The city’s roads were much less cluttered in those days, of course. But last Sunday the new bypass off Waiyaki Way opposite James Gichuru Road meant that my drive from Lavington lasted only 15 minutes.
It was about 11am when I arrived; the sun hadn’t yet burnt off the clouds, so the parking was easy. I walked through the old food court, up the steps by the decorative pool, and into the cavernous new building.
After a leisurely recce of the shops and food outlets I made for the Off The Rocks Bar. I didn’t need the menu. I had my mind set on the main offering — the glass of Moet & Chandon Champagne and 12 complementary oysters. The price was Sh2,300. But it was a special day, wasn’t it?
I also had a good chat with Casper, the waiter. He told me that the busiest times at Off The Rocks are at the weekends when, as he said, “people have the time as well as the money”.
I felt rather like Mr Bean, in that episode where he goes out for dinner on his birthday on his own. He opens the one card he had received — one he had written and posted to himself. He orders steak tartare, realises his mistake, and gets rid of it in a plant pot, an open woman’s handbag, and his own jacket pocket.
Mind you, I was very happy with my oysters. They were the local and small Kilifi oysters — the ones I have enjoyed a few times on the Moorings floating restaurant at Mtwapa. Spiced with a drop of lemon juice they are very tasty.
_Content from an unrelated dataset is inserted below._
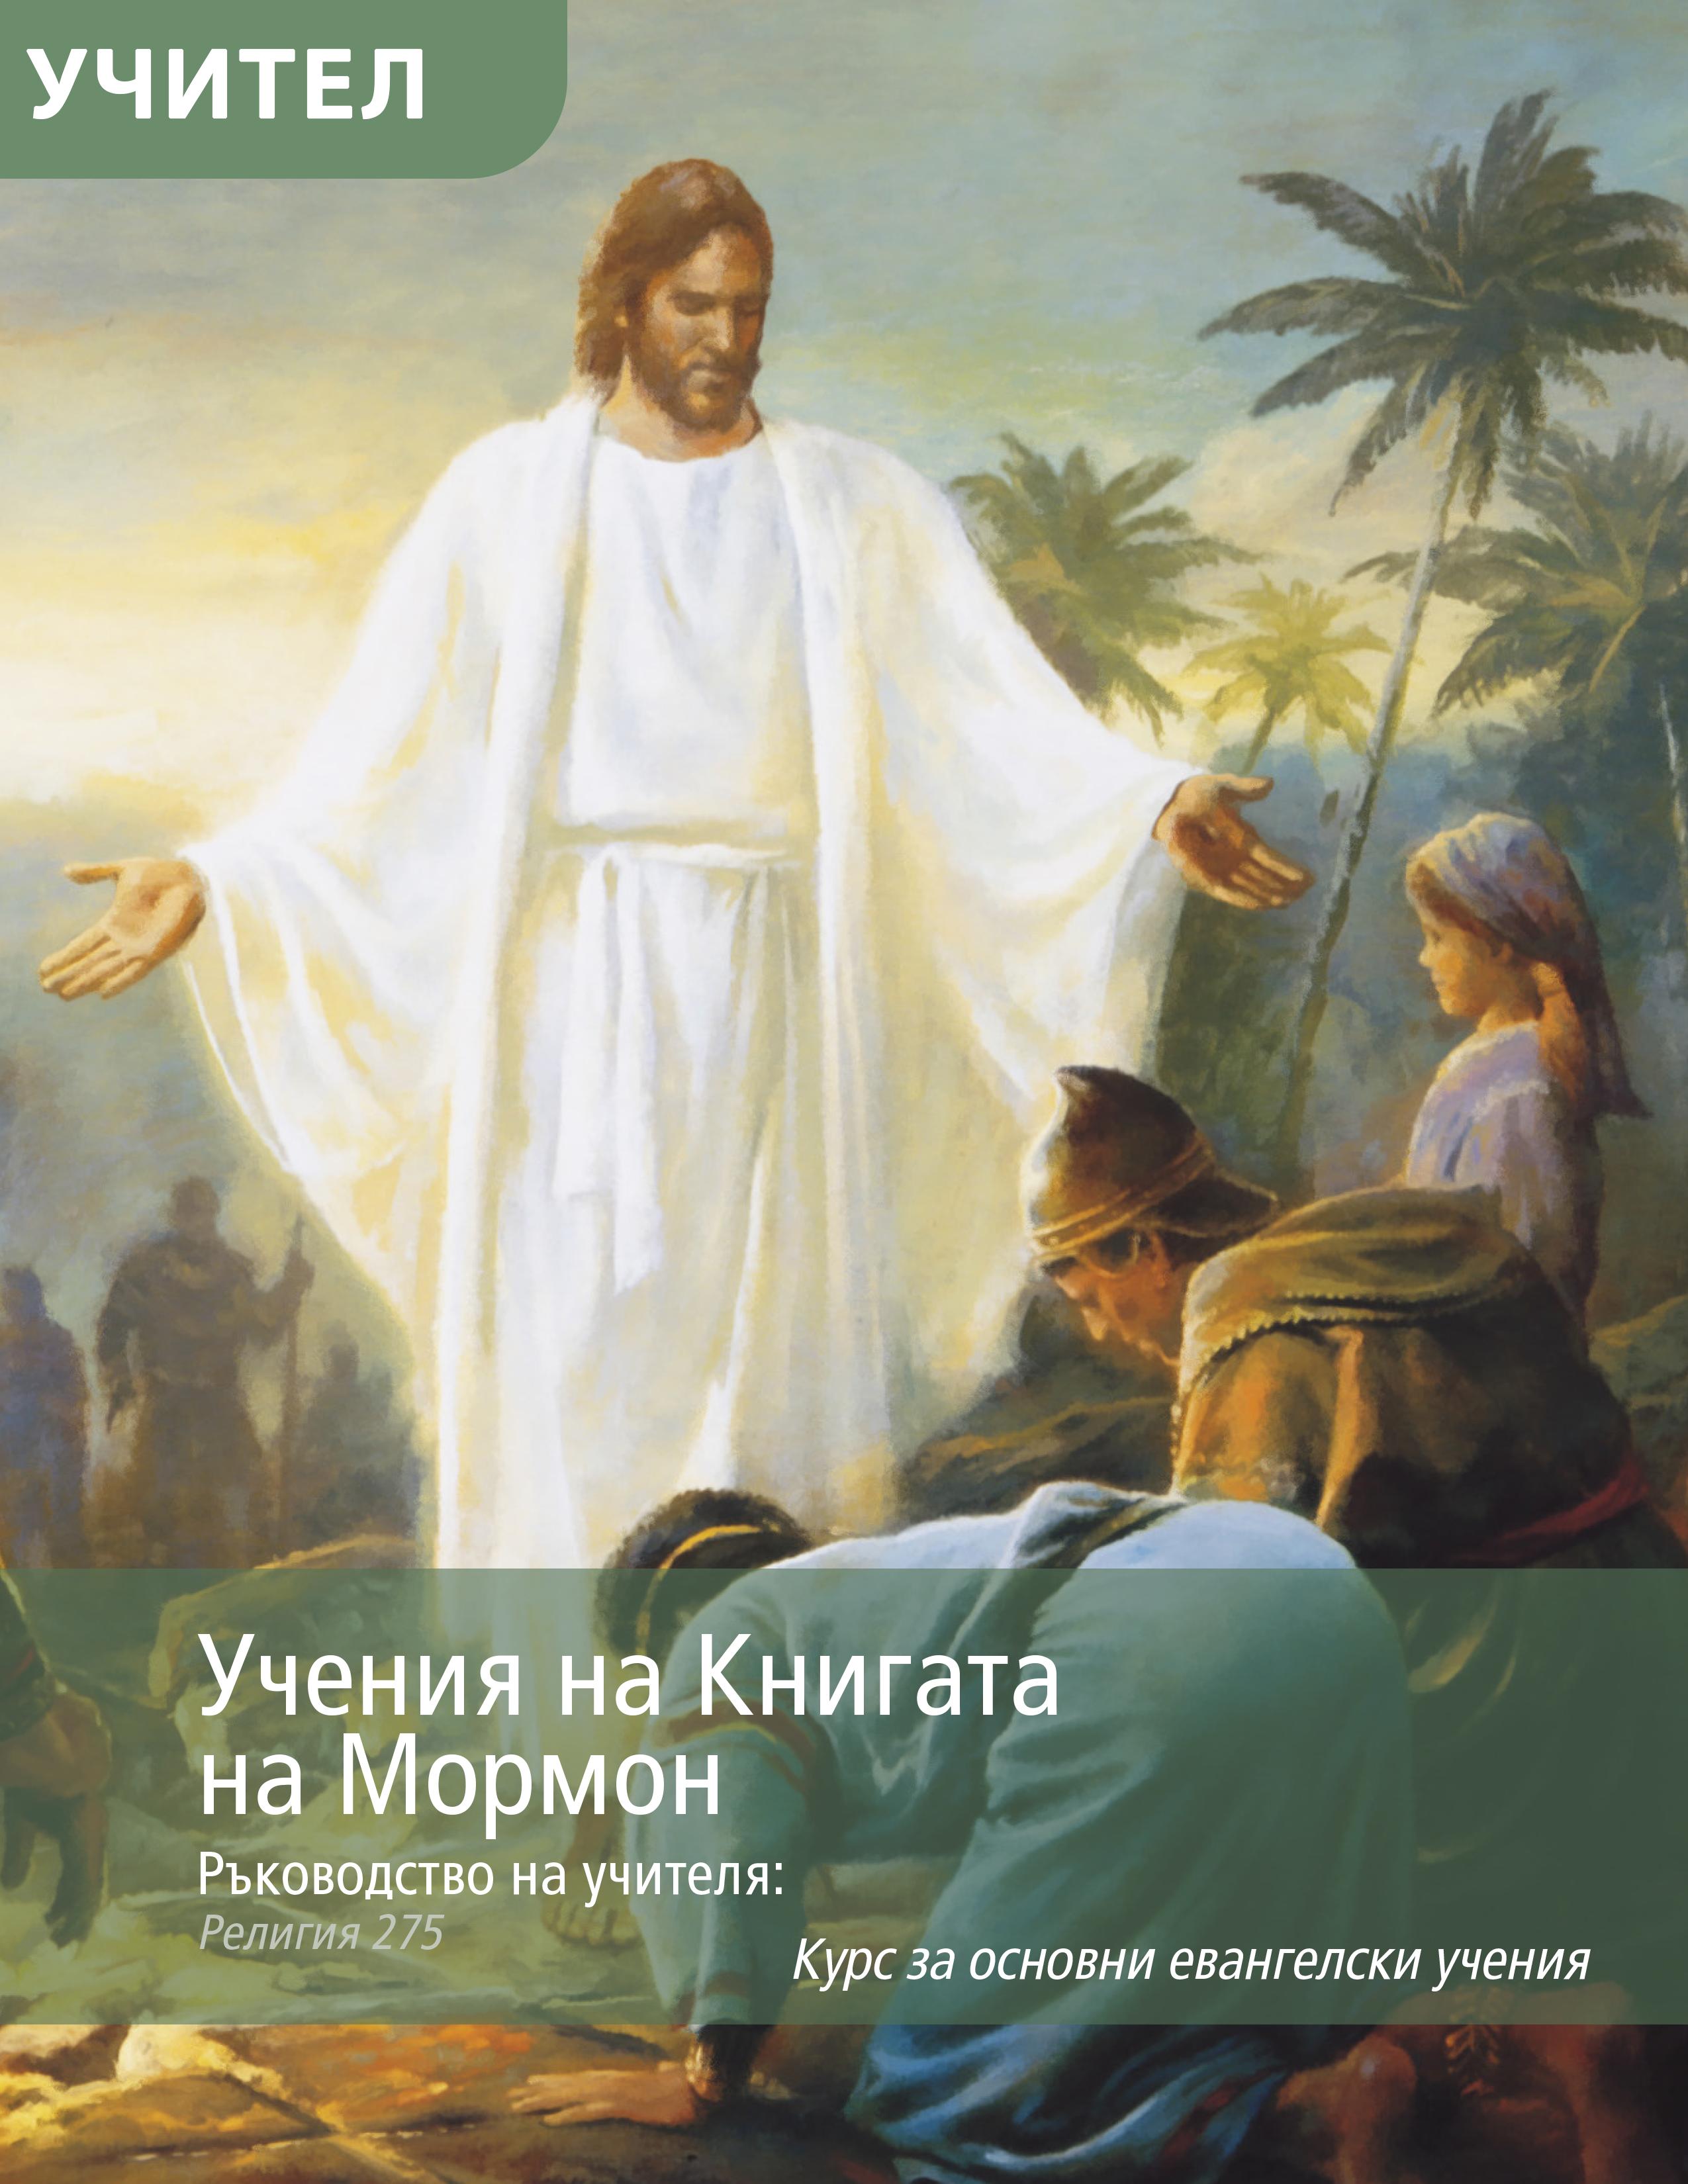 Ръководство на учителя: учения на Книгата на Мормон (Религия 275)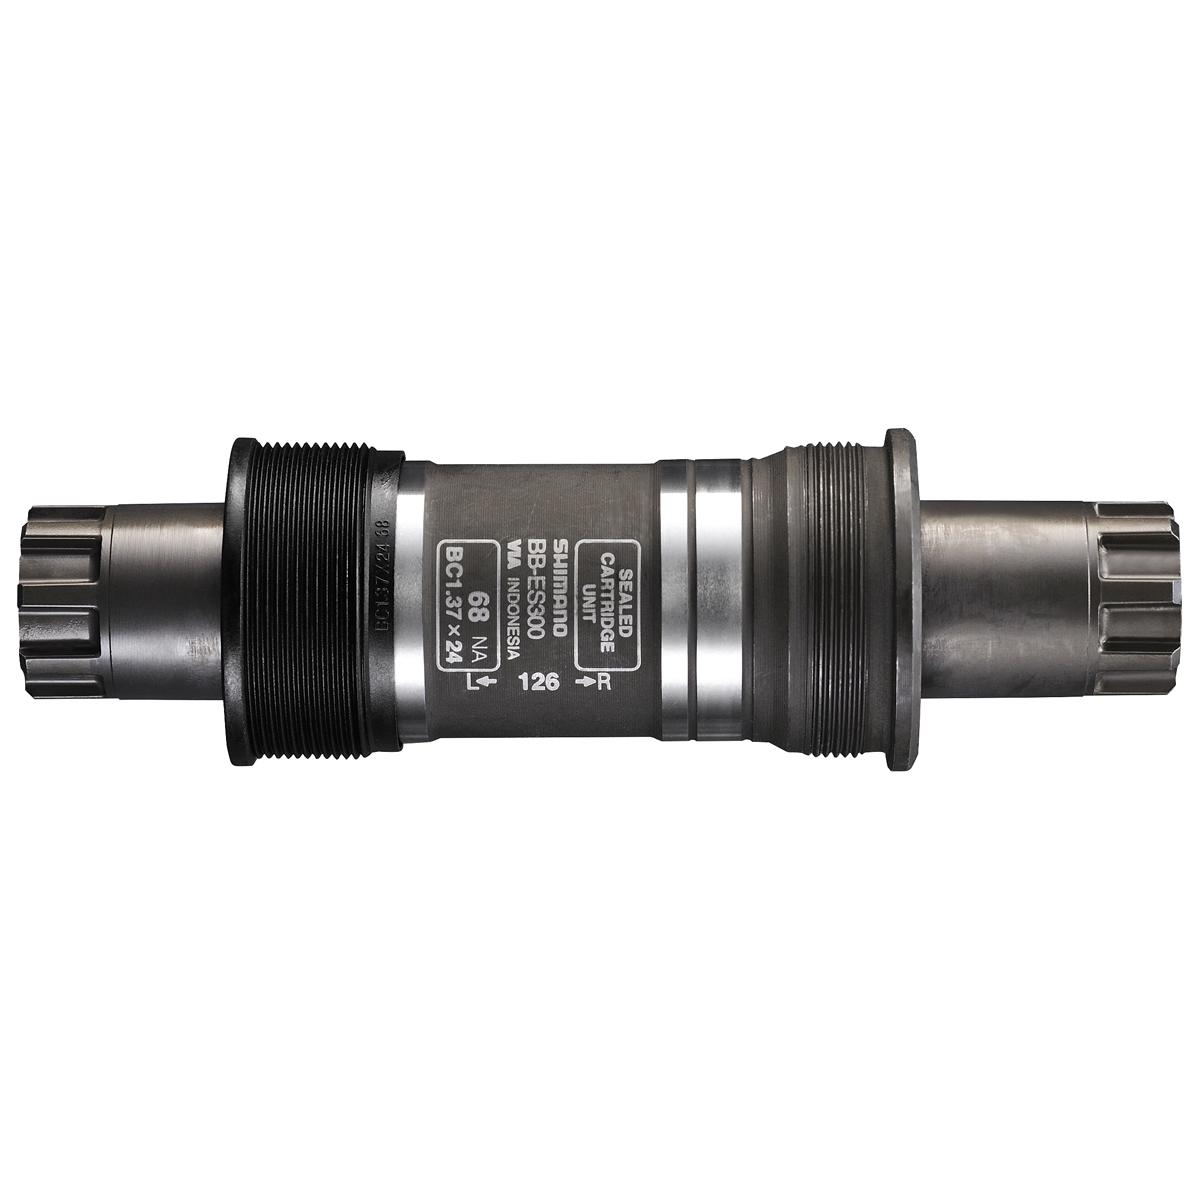 Boîtier de pédalier Acera BB-ES3000 Octalink BSA 118 x 73 mm

But I felt a twinge of guilt when I received WhatsApp greetings from both my sons, wishing me a happy Father’s Day.
However, undaunted, I prolonged my self-treat by going on to the Chocolate Bar — to further indulge myself with what, next to bacon and beans, is my favourite food.
In my teenage years there was an attempt along Regents Street to revive the chocolate house culture that had been so popular in 18th century London. Unfortunately, it failed.
And the Chocolate Bar in the Village Market is not all as rambunctious as those 18th century chocolate houses in London.
The most famous of them, Whites, was a steamy and smoky den of inequity, where politicians and businessmen plotted their nefarious deals. Do we have such a place in Nairobi?
Our Chocolate Bar is a very quiet and decorous place. It serves, along with many other chocolatey things, the smoothest hot chocolate drink that I have ever savoured. It also sells the imaginatively presented chocolate bars “handcrafted in Kenya” by Absolute Chocolate.
When in the mid-afternoon I got back home, my earlier feeling sorry for myself was shown to be quite misplaced. On the table was a Father’s Day present from my wife — a bottle of my favourite Cabernet Sauvignon.